BEGIN Extracted information

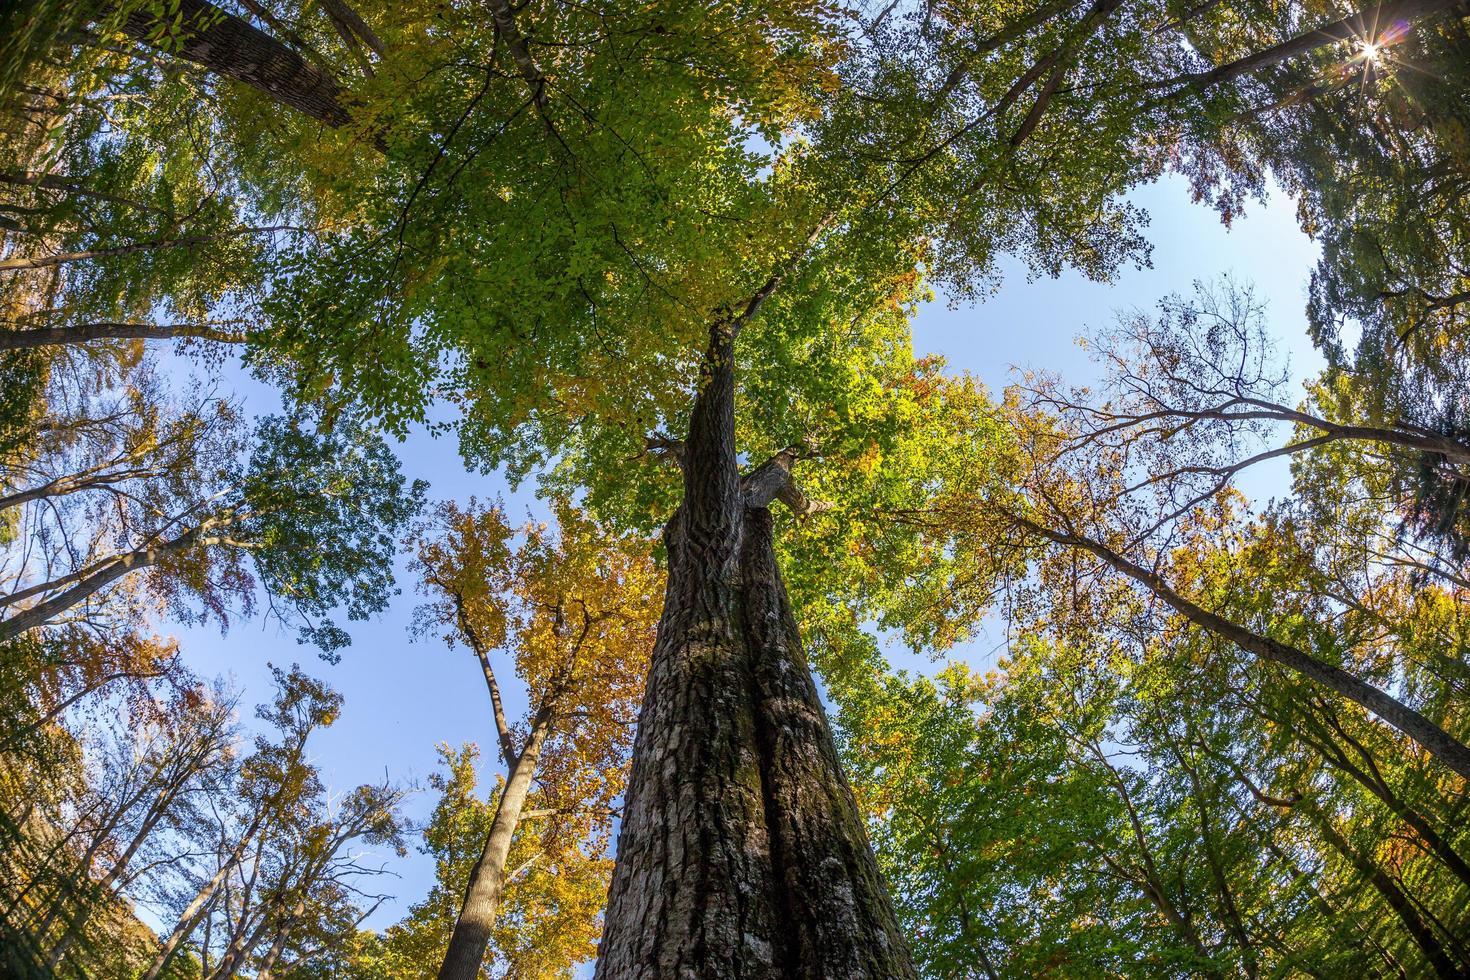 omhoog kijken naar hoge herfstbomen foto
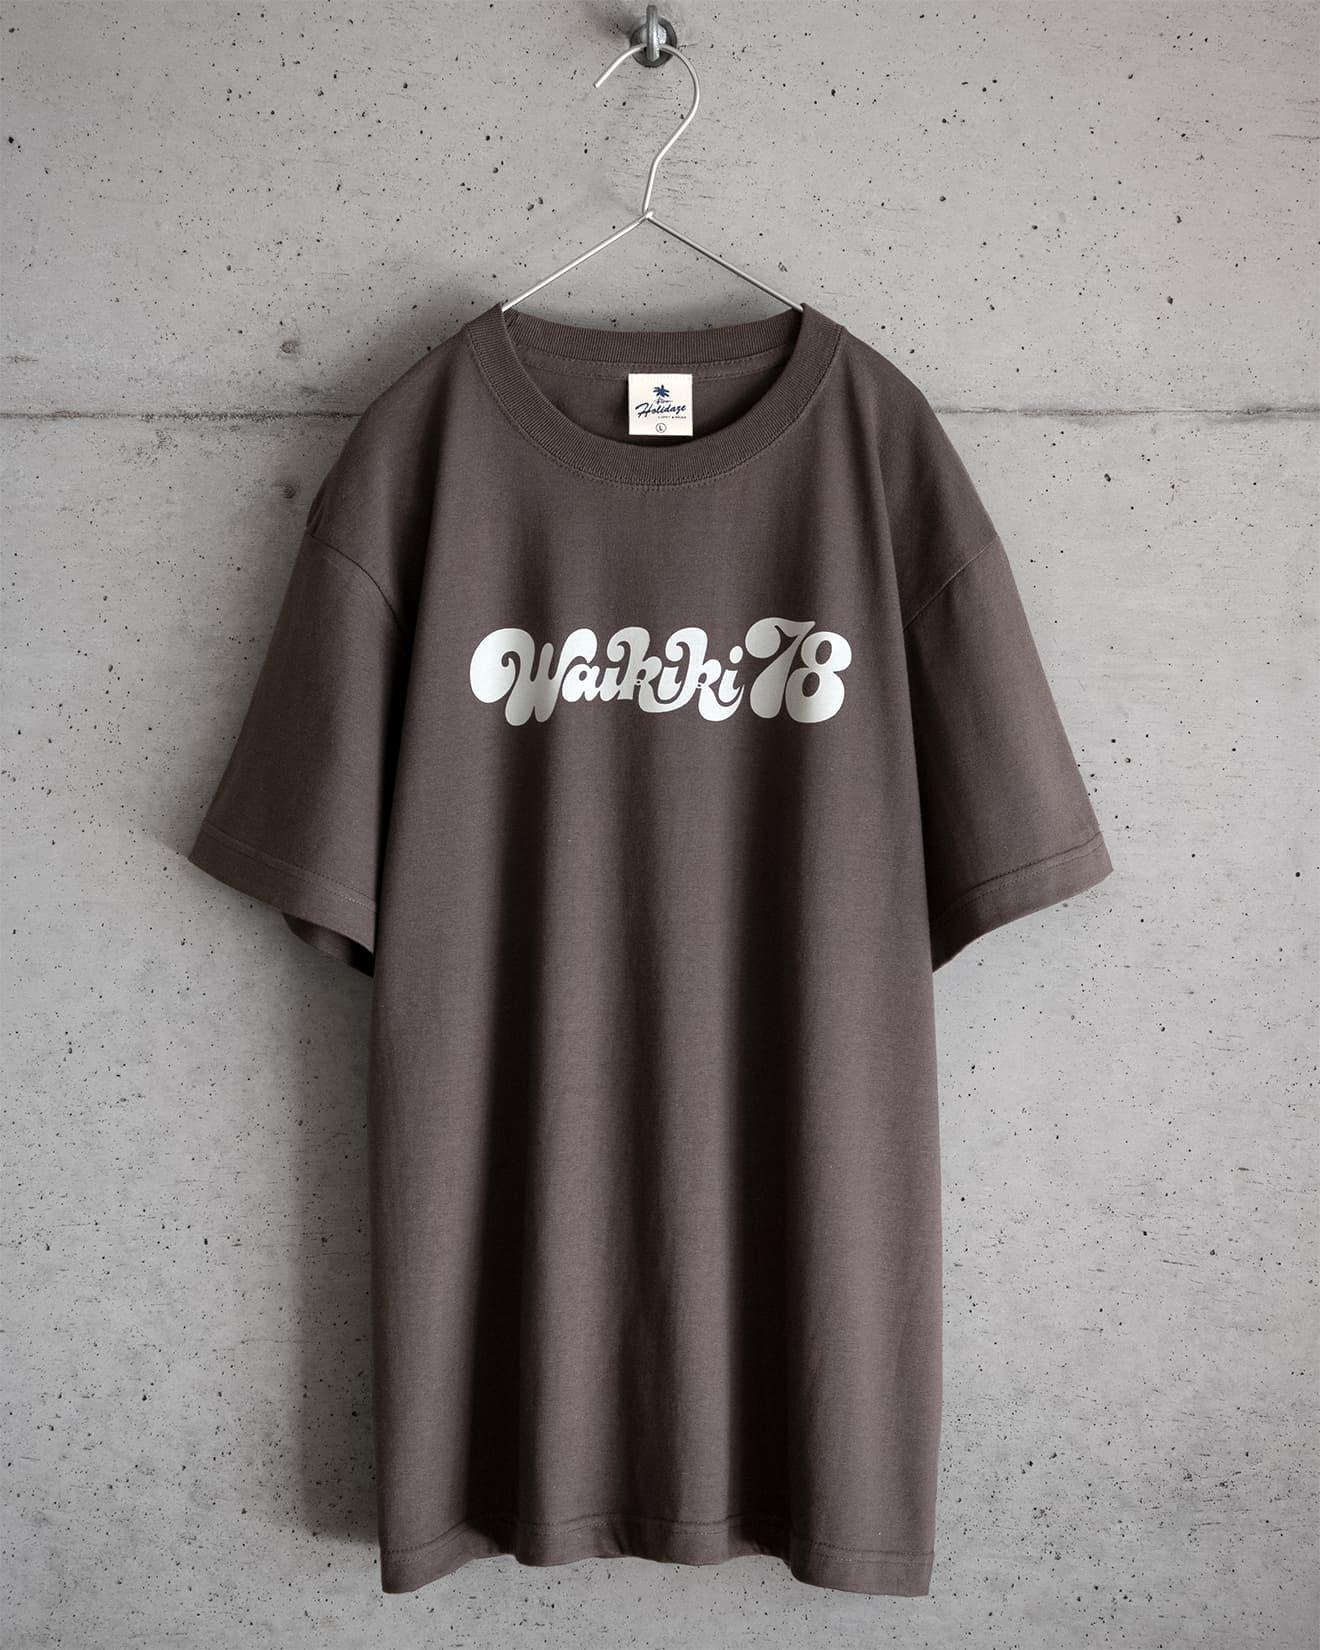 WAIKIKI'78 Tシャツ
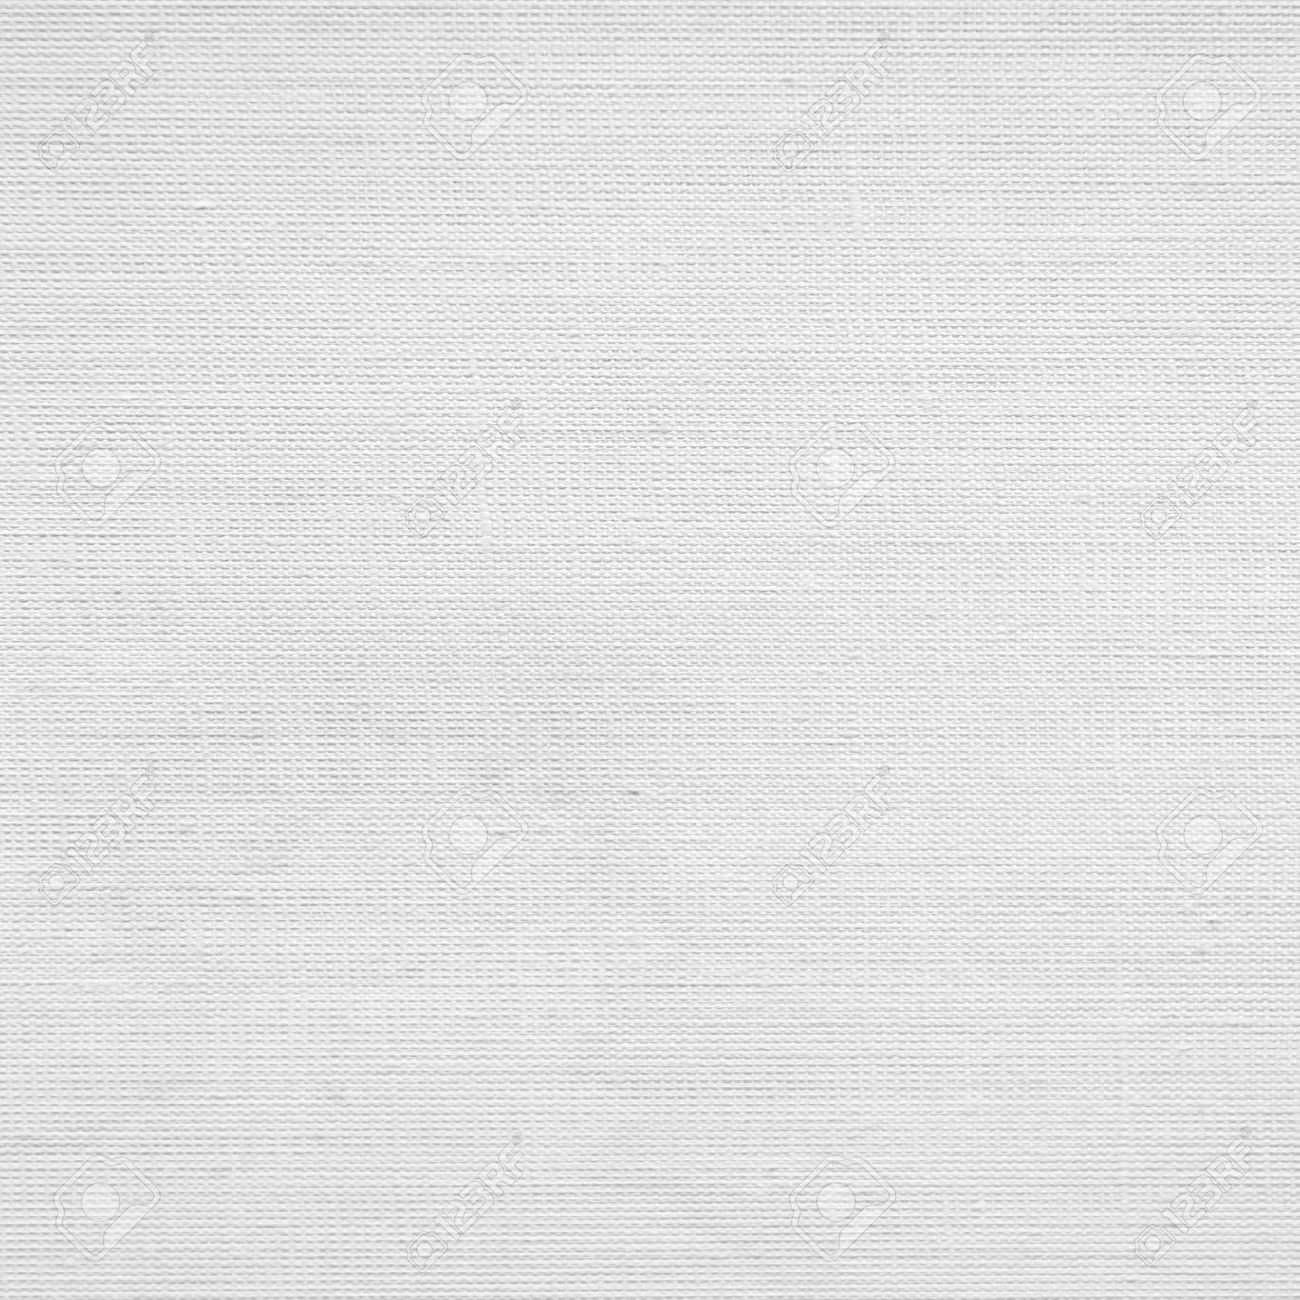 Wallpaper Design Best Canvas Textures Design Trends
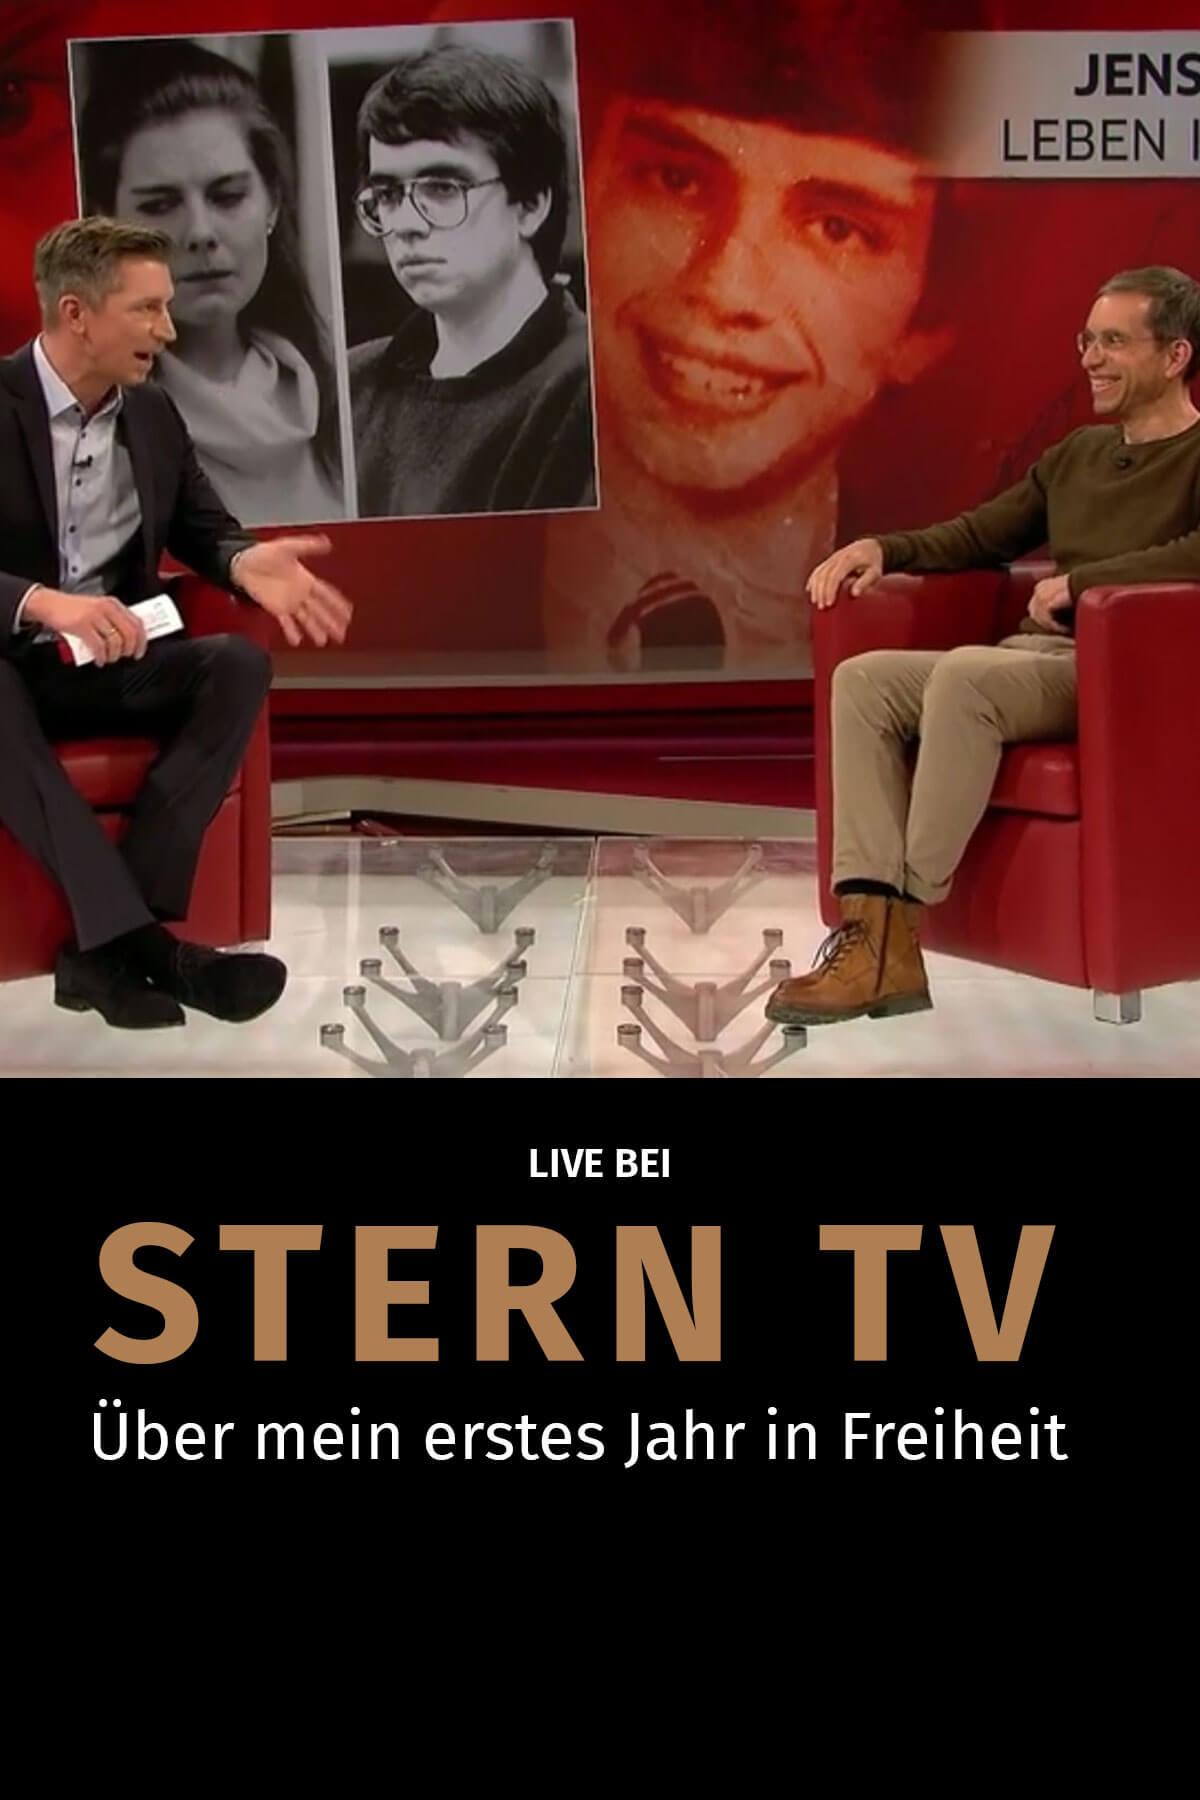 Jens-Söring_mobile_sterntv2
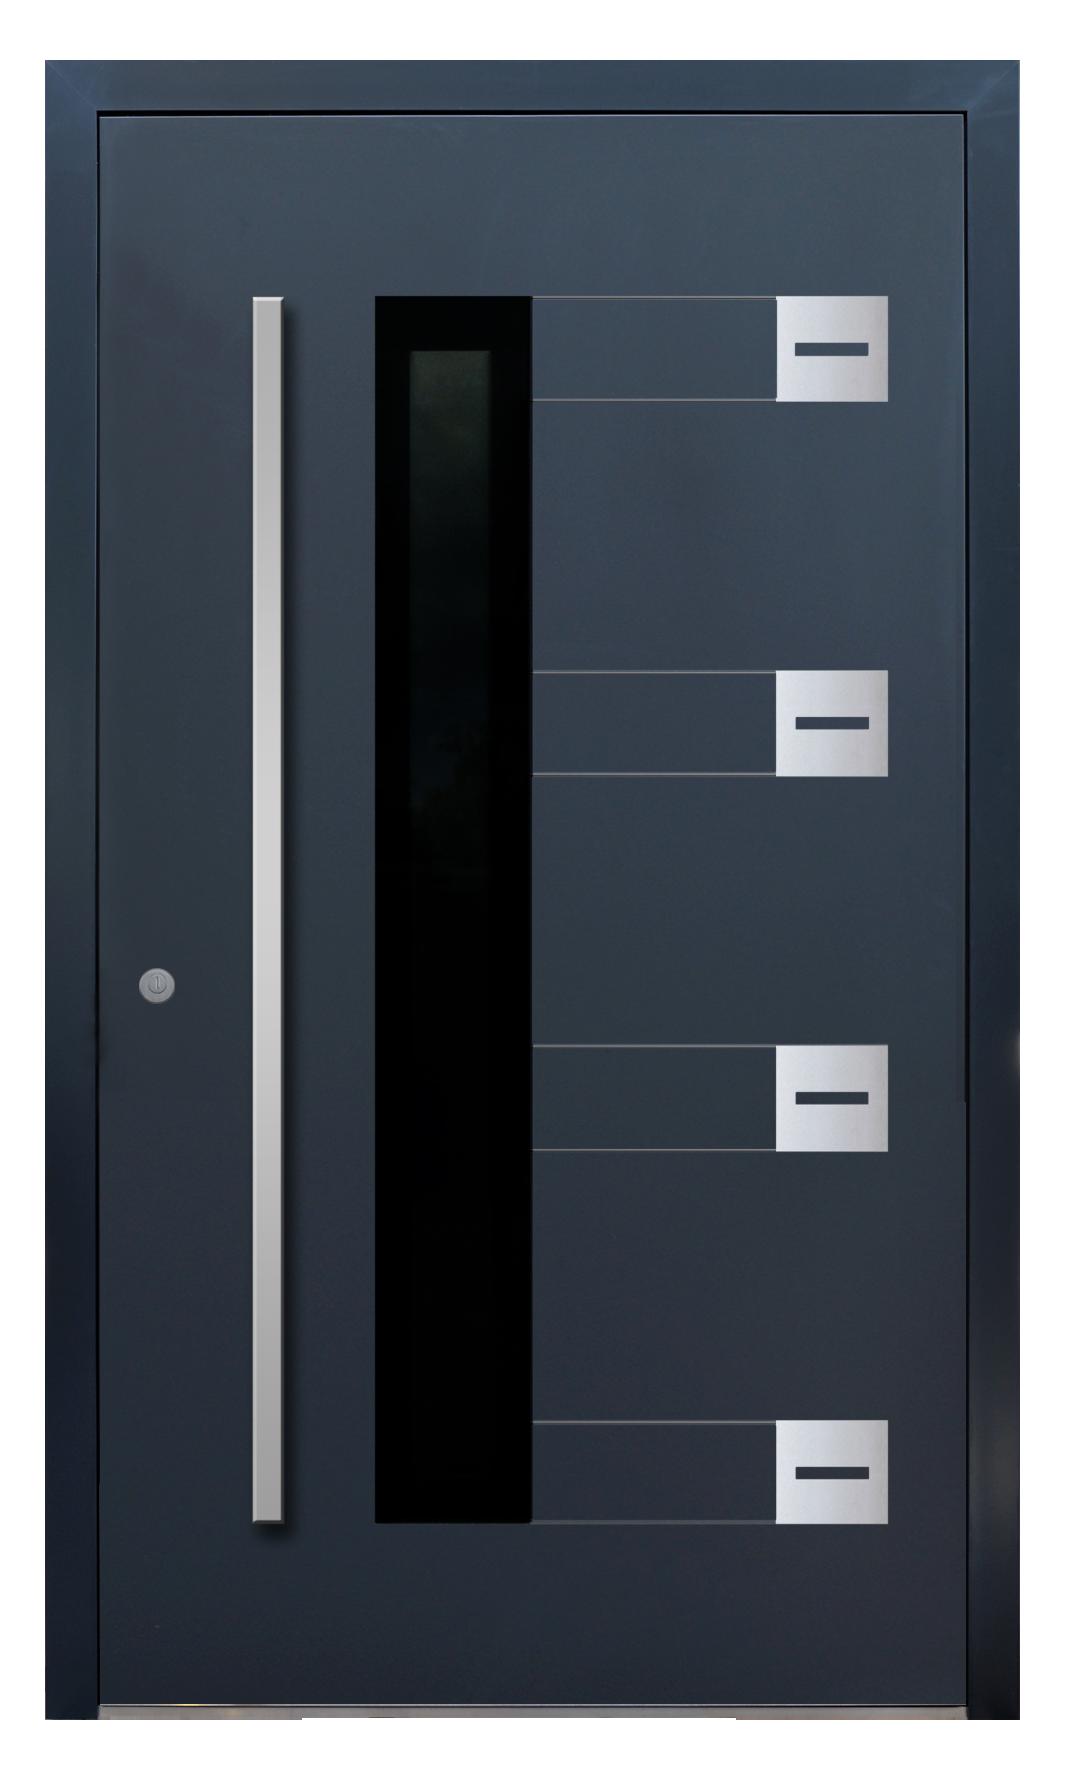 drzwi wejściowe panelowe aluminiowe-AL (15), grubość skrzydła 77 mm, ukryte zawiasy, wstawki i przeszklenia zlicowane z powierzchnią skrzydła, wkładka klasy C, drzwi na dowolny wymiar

END Extracted information

> [Task requirements]
Set the pictures aside and reproduce exactly the lines above, from the line holding "Wallpaper Design Best" through the line holding "Jens-Söring_mobile_sterntv2", both included, with nothing else.

> [Exercise response]
 Wallpaper Design Best Canvas Textures Design Trends
 Jens-Söring_mobile_sterntv2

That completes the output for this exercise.